Allereerst: er bestaan (in musea en voor specifieke doeleinden) ook nog analoge computers, waarbij de spanningsgrootte uitmaakt. In een circuit gaat het dan meer om ‘aan’ en ‘uit’ alleen. Alleen: binair (dus met enen en nullen) bleek voor de meeste computers het handigst.
Wil je zelf binair kunnen rekenen (zodat je weet wat je doet), dan kun je twee dingen doen. Allereerst: excel kent een functie om de ascii-code van een symbool weer te geven.

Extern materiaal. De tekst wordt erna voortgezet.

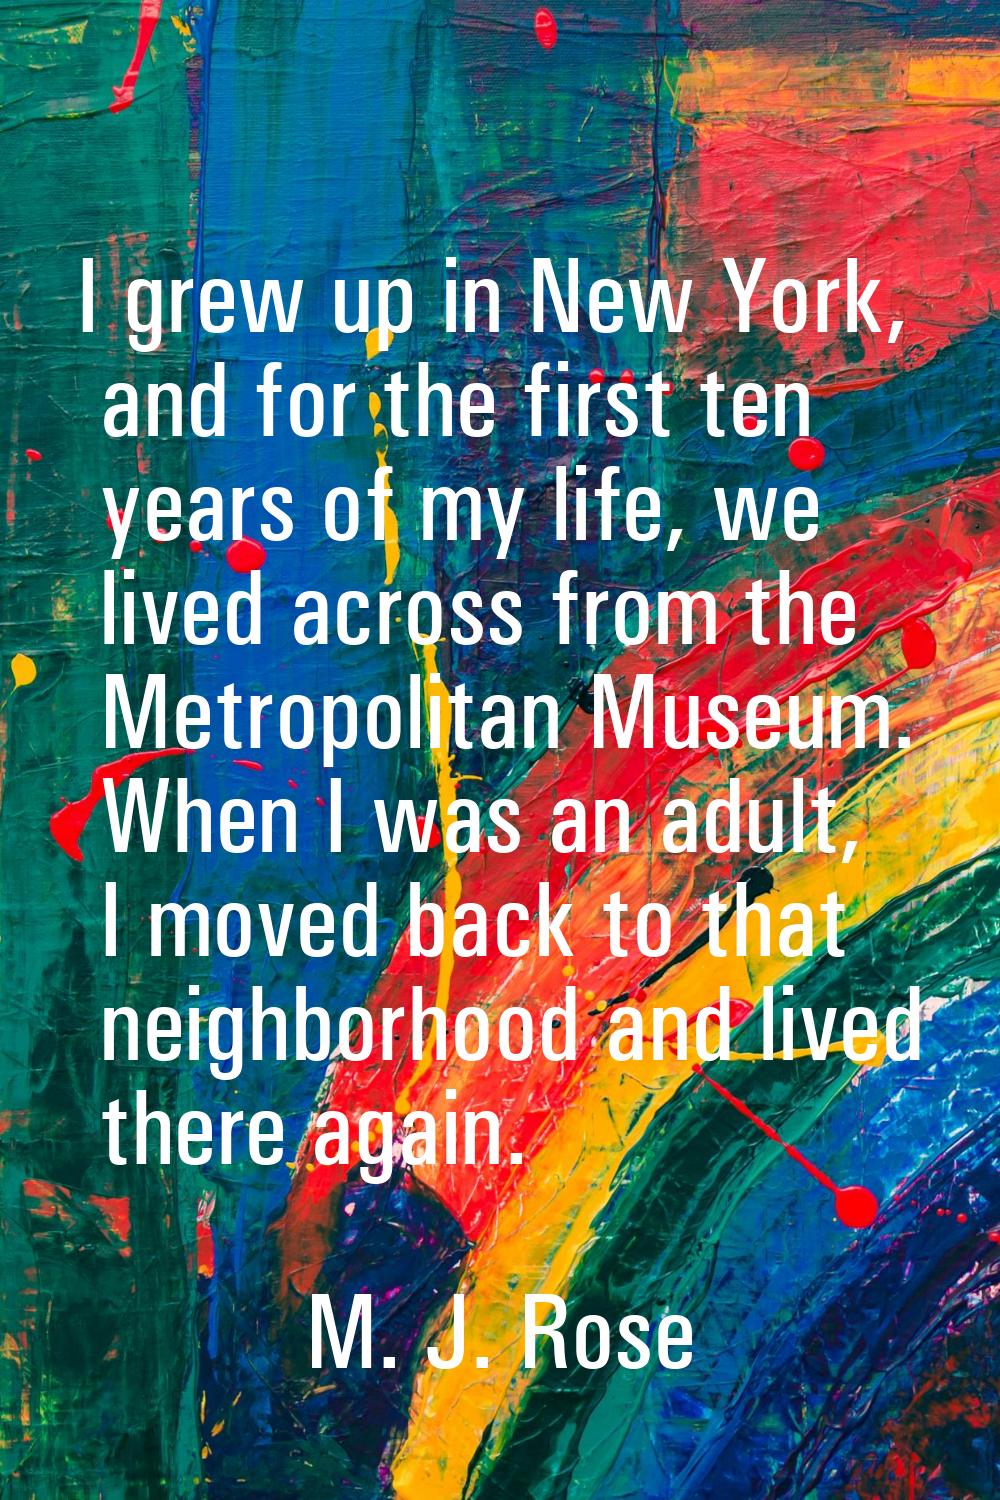 I grew up in New York, and for the first ten years of my life, we lived across from the Metropolita

Als je invoert =CODE(“A”) dan krijg je als resultaat: 65.
Bekijk nu hetvolgende rijtje:
128
64
32
16
8
4
2
1
Het zijn machten van 2: ieder getal is een verdubbeling van het eronder staande.

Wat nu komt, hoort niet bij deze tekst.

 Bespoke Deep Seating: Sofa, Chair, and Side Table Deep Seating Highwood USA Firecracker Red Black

Als je al deze getallen bij elkaar optelt, krijg je 255. De binaire code voor het getal 255 is 11111111. Die 8 eentjes staan voor 128, 64, 32, 16, 8, 4, 2, 1.
Wil je nu de binaire code van ‘A’ weten, dan reken je de A met excel om naar 65.
65 kun je maken door 64 en 1 op te tellen. De binaire code wordt dan dus:
01000001.
Nog een voorbeeld: de R van Remco is 82. Dat is dus 64+16+2. Dat wordt dus:
01010010
Zo kun je vervolgens alle letters en cijfers omrekenen naar ascii-code en handmatig naar binair doorrekenen. Overigens is het niet logisch dat een A correspondeert met 65. Dat is ooit een keer zo afgesproken.
Of je kunt het natuurlijk ook op een website doen, natuurlijk.